PROVIDED DATA
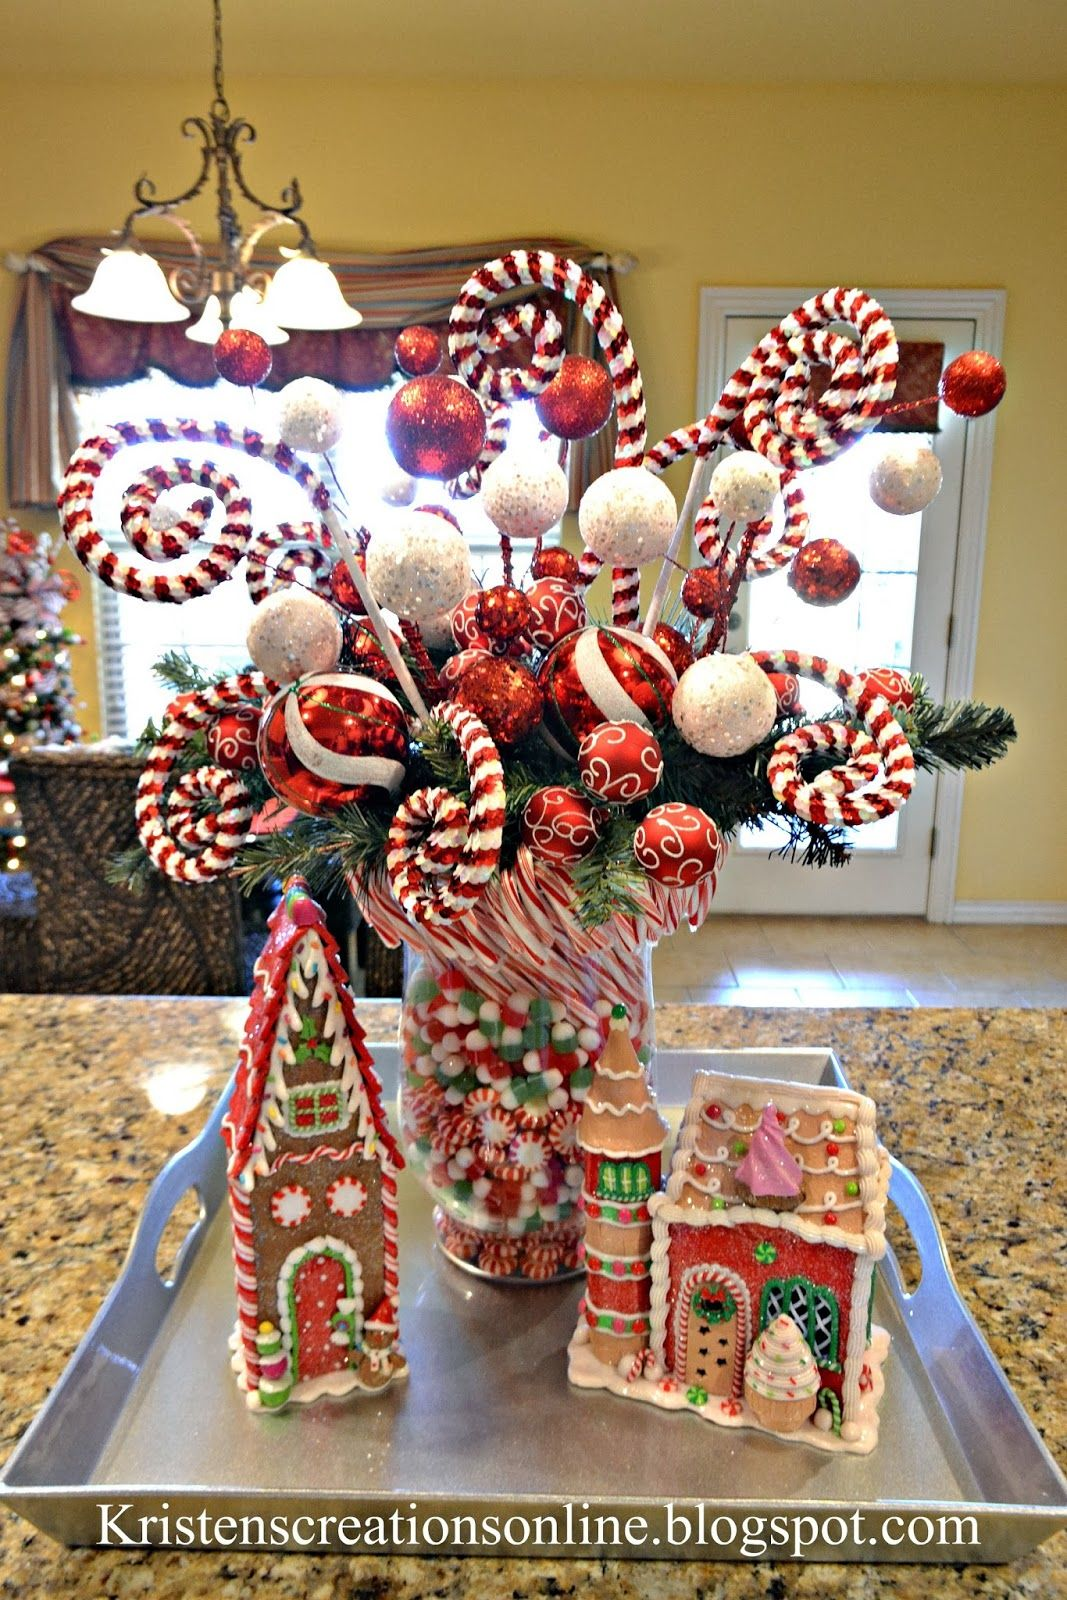 Candy Cane Decorations Pinterest Kristen's Creations Christmas Home Tour  Decorations  Pinterest
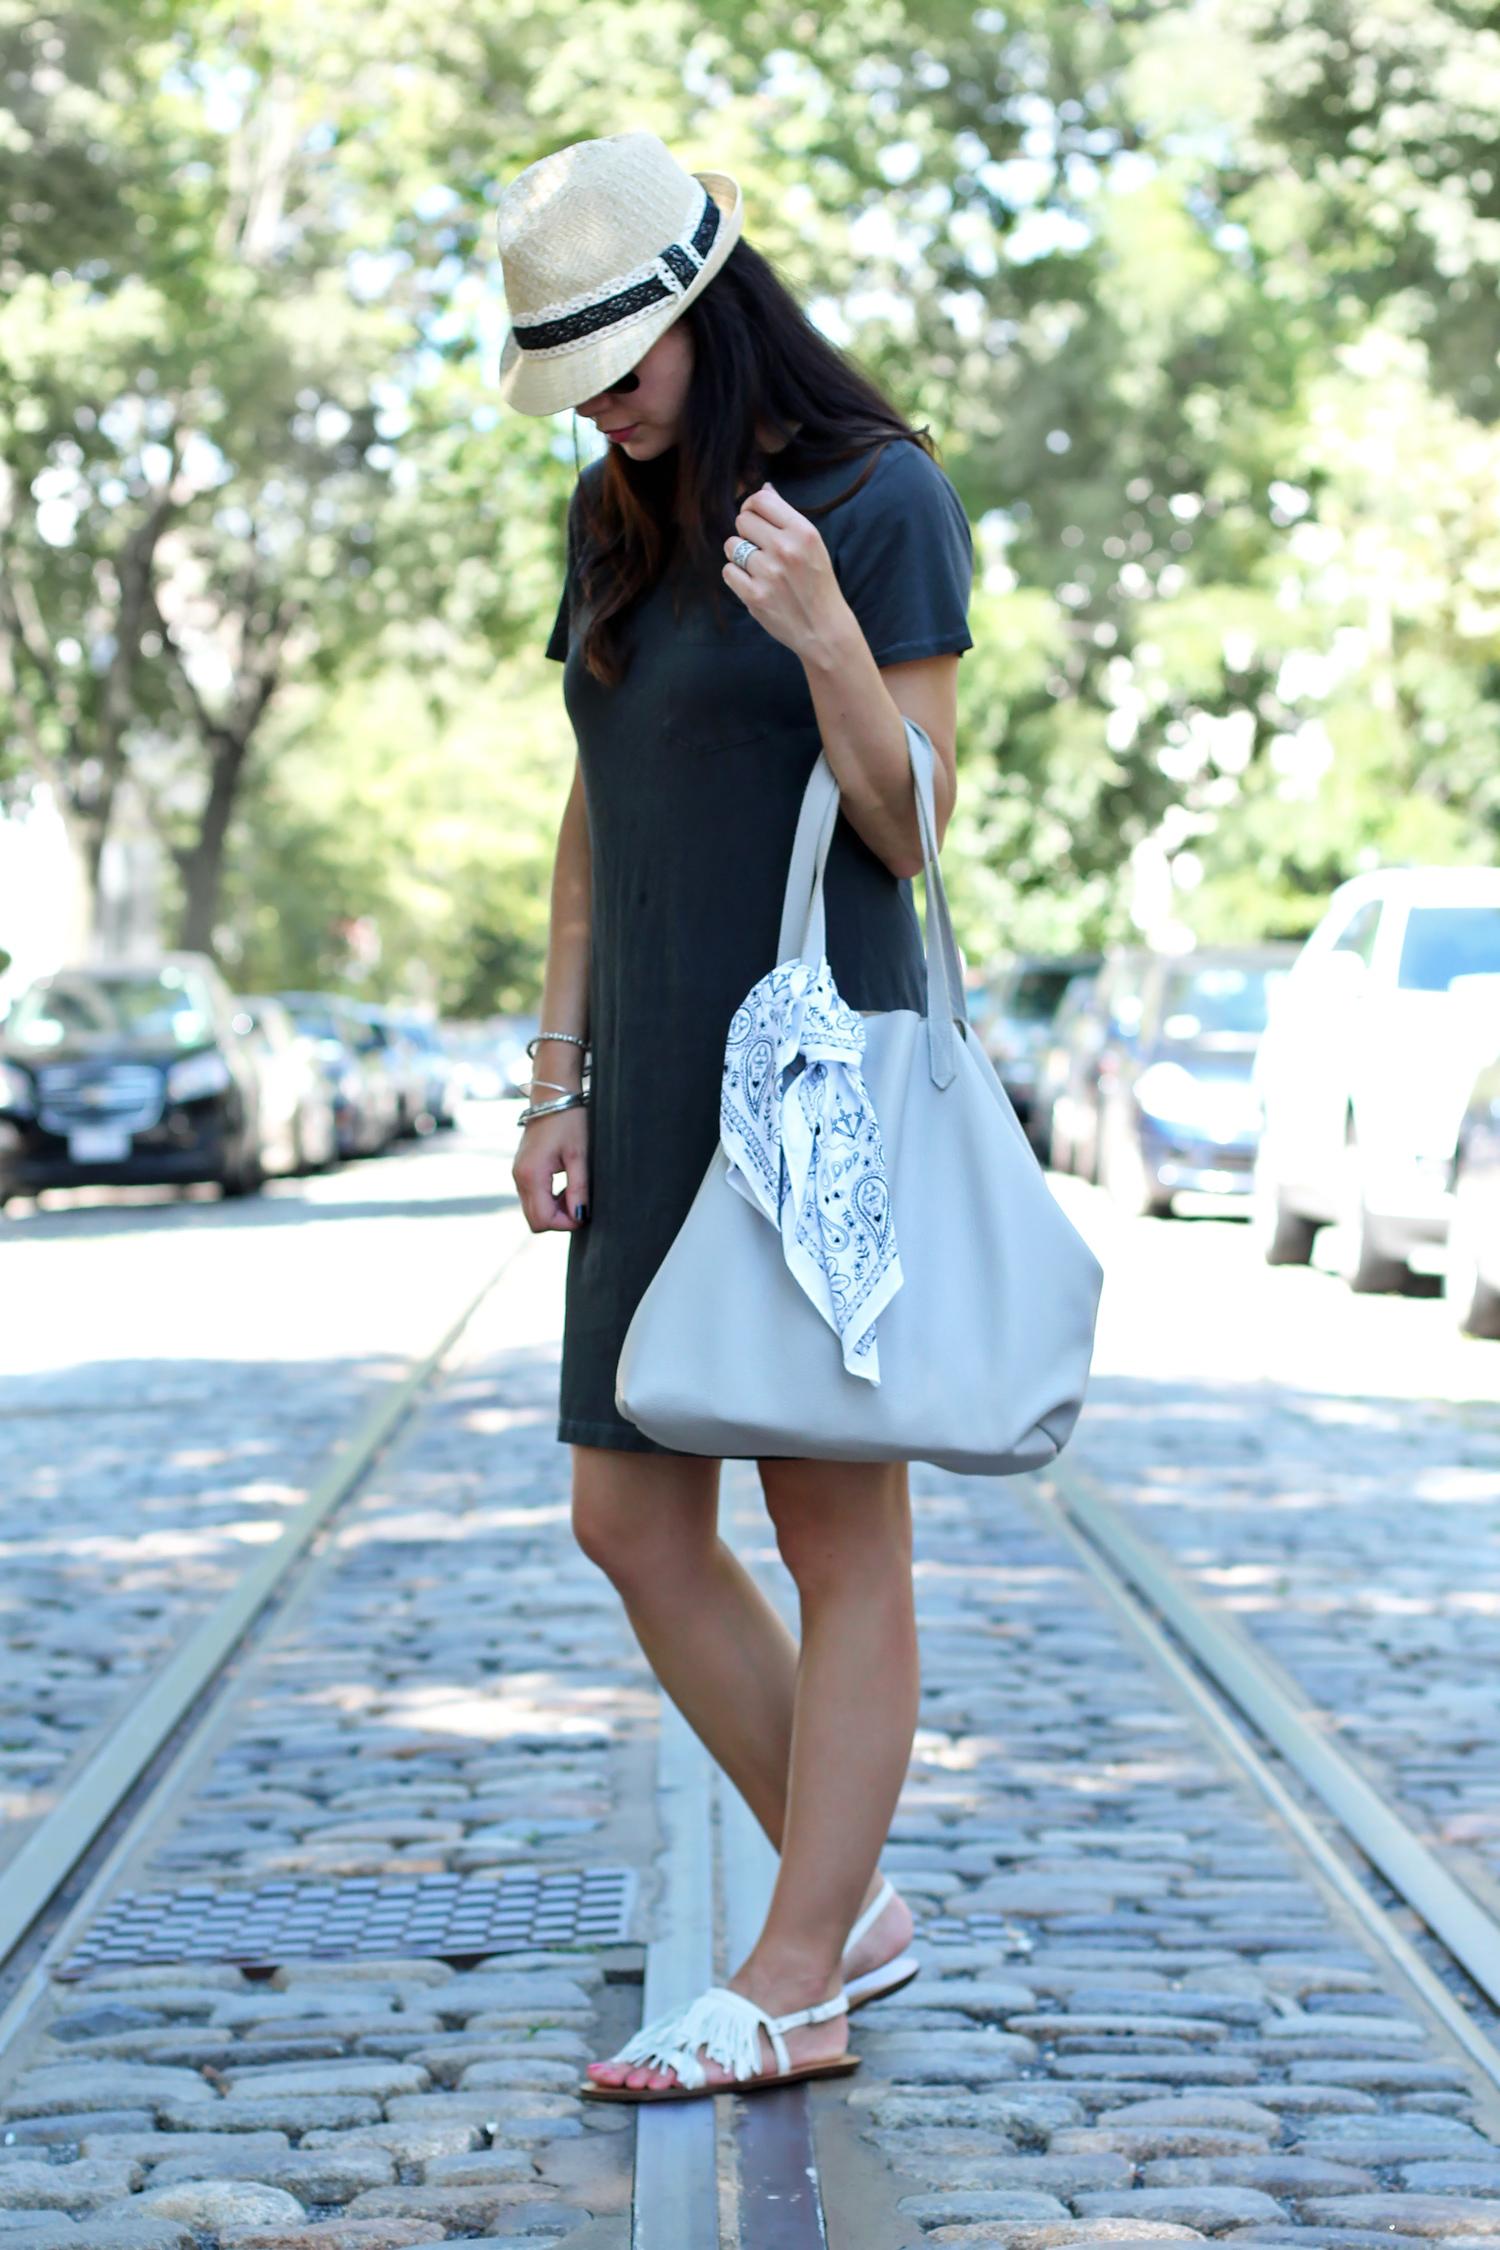 Cute summer dress style
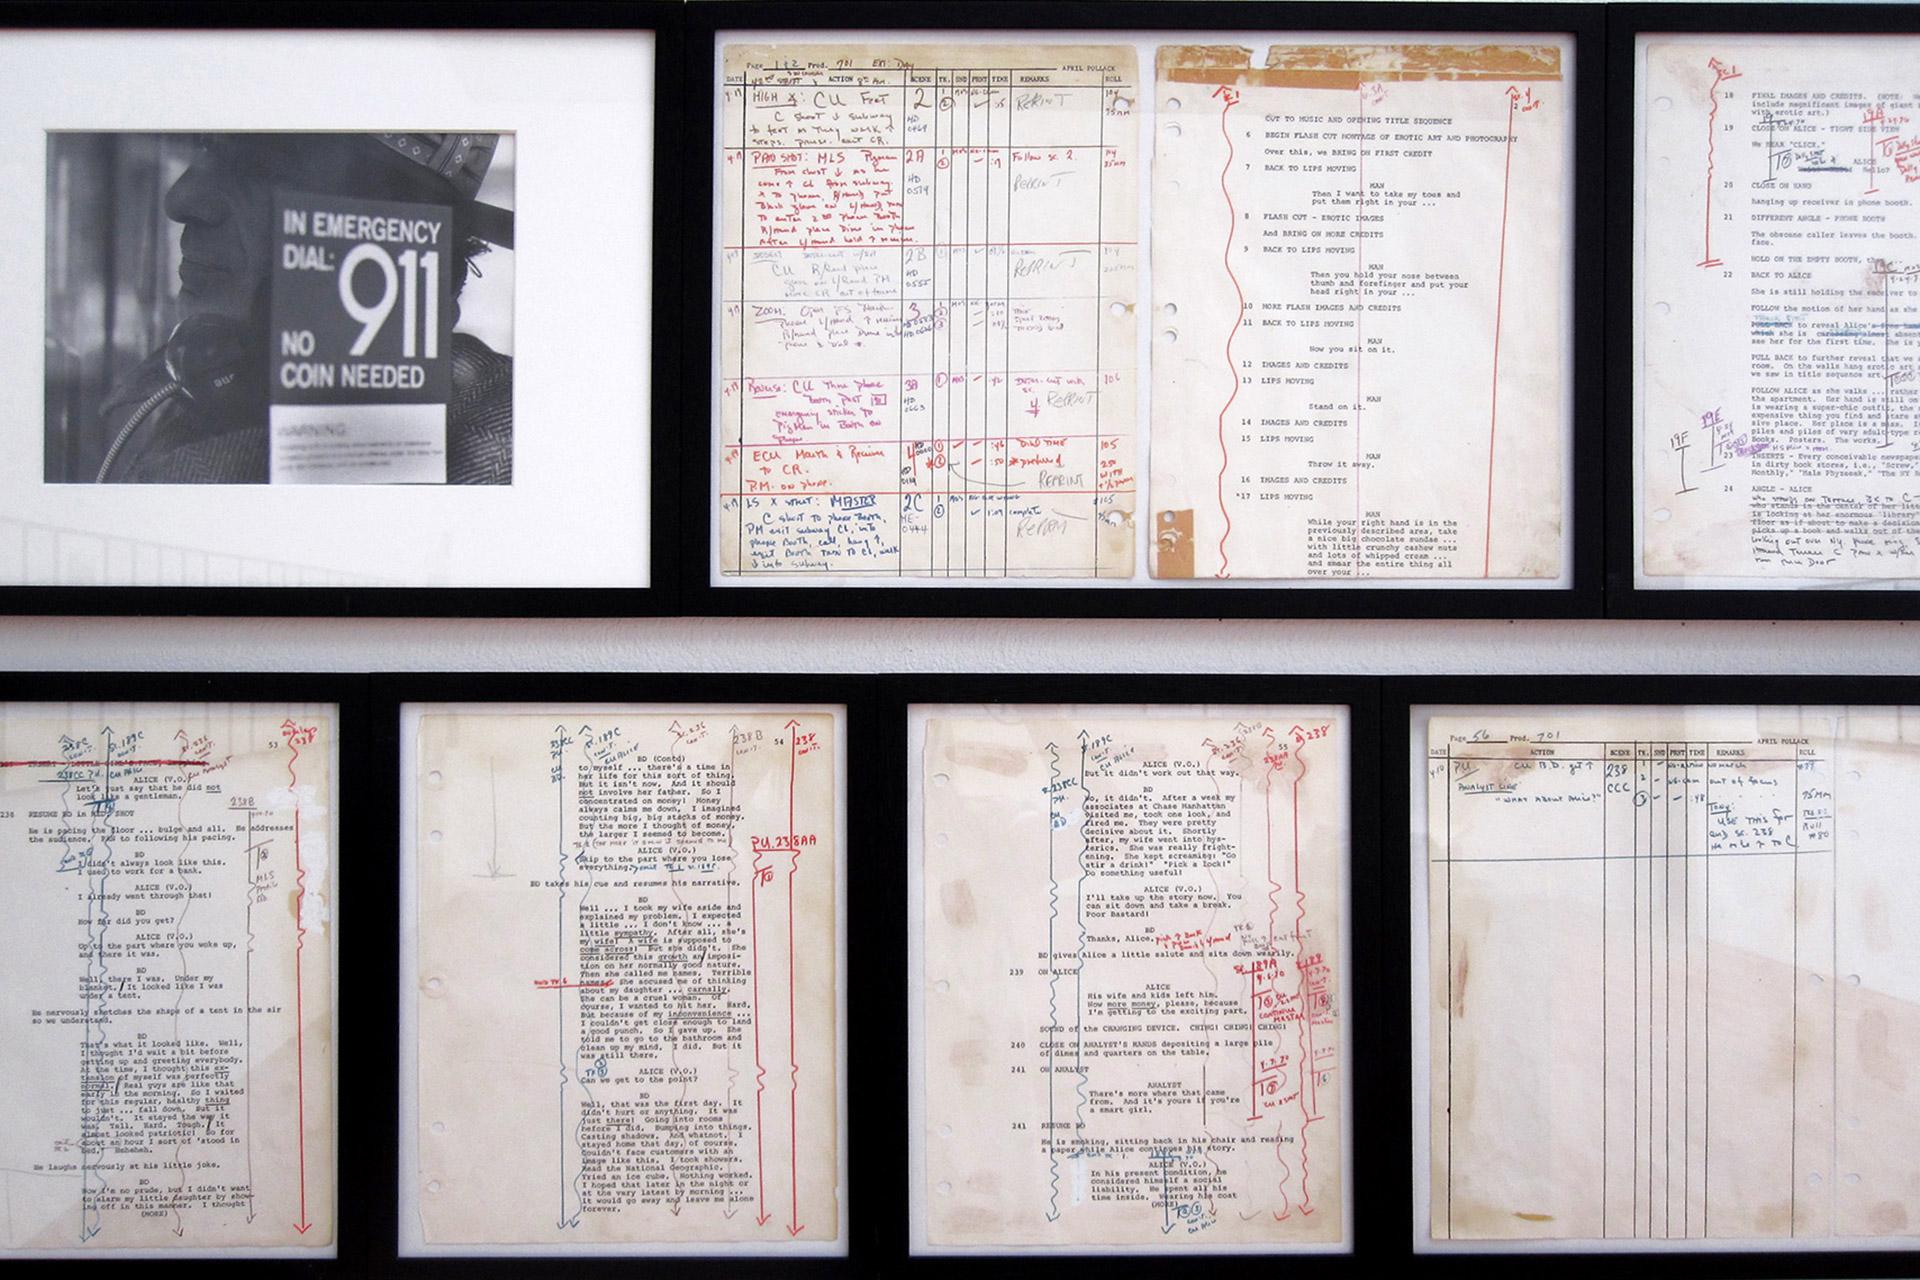 Telephone-Book-Kunsthalle-Winterthur-2010-4.jpg

EXERCISE
Omitting all images, print the listing exactly.

OUTPUT
 Candy Cane Decorations Pinterest Kristen's Creations Christmas Home Tour  Decorations  Pinterest
 Cute summer dress style
 Telephone-Book-Kunsthalle-Winterthur-2010-4.jpg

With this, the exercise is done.